For me the Episode of Black Mirror was simply terrifying. Why you might ask, well; the topic of the episode had this sense of terrifying realism to it which made it incredibly believable yet scary as if it could actually happen. Waldo and the Waldo moment shows how much young people in particular can be persuaded by a character. The character appeals to them particularly in the politics sense because he is saying what they are all thinking, and so he connects with them on a psychological level. Waldo is also a gimmick, a fad, something that given a few years (or more likely weeks to months) will be forgotten. It is something that the young people can talk about, and spread through chat, emails, Facebook as well as through their phones. Something that is popular now that is their thing, their subject, the scene if you will and will remain that way until it runs out of steam, in which case something else will be sought out while the other thing will be forgotten quickly and only remembered by a few and brought up in conversation at dinner parties. But how does this topic connect with the Black Mirror; the Black Mirror is YouTube. YouTube did not start until 2005 and so when I was at High School the only way of watching Videos was the TV. During my time at High School several of the Students used to refer to songs that were in Adverts, and it used to drive me Mad, but they kept doing it and doing it and did not really stop until either the Advert stopped showing all together or a new one came out. I remember them all, Belly’s Gonna Get Ya, Birdseye Potato Advert, Mazda Zoom Zoom Zoom, What Sits On Your Wotsits and others. When YouTube did start the online world changed and within about 2 years it was worth $2,000,000,000. In recent years the term viral has become an established name for specific pieces of content. Viral meaning it spreads, like a virus. Possibly the most well-known of these in recent times being Gangnam Style.


The Waldo Moment is a YouTube video which has gone viral, but the show reveals a terrifying as well as potential side of this form of media. The idea that people in Viral Videos could potentially rule the world (seeing as technology has technically already done that).  This idea is shown even more so at the end of the episode, (I won’t ruin it for you). The episode is about more than just a Cartoon Character or an Idea though. The episode shows strong emotional levels within the main character of Jamie. He starts off depressed and continually goes downhill until he reaches a destination, which results in one half of him flying off into space and the other going downhill.
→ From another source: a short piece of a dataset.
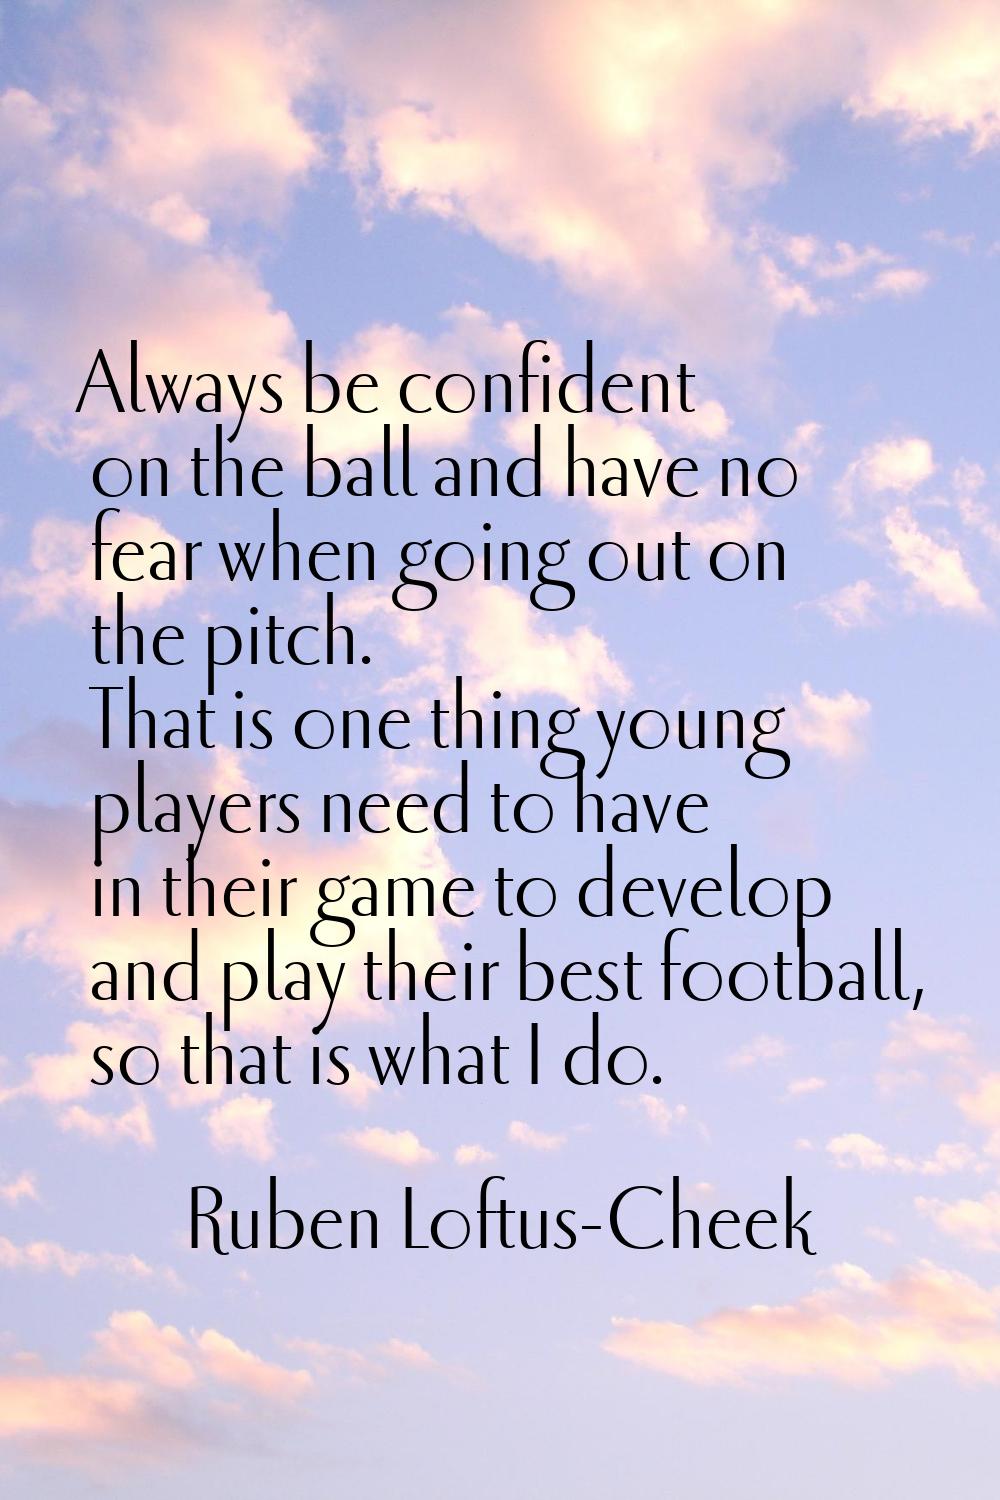 Always be confident on the ball and have no fear when going out on the pitch. That is one thing you

Christina Chong, Daniel Rigby and Jason Flemyng

Altogether the episode is one of the most thought-provoking pieces as well as one of the scariest pieces of television I have seen in years. I look forward to watching more of Black Mirror, but I am also terrified to do so, why? It is so realistic to the world now that while the incidents in the episode may not be real now or may not become real at all in the future, but it is still a strong possibility.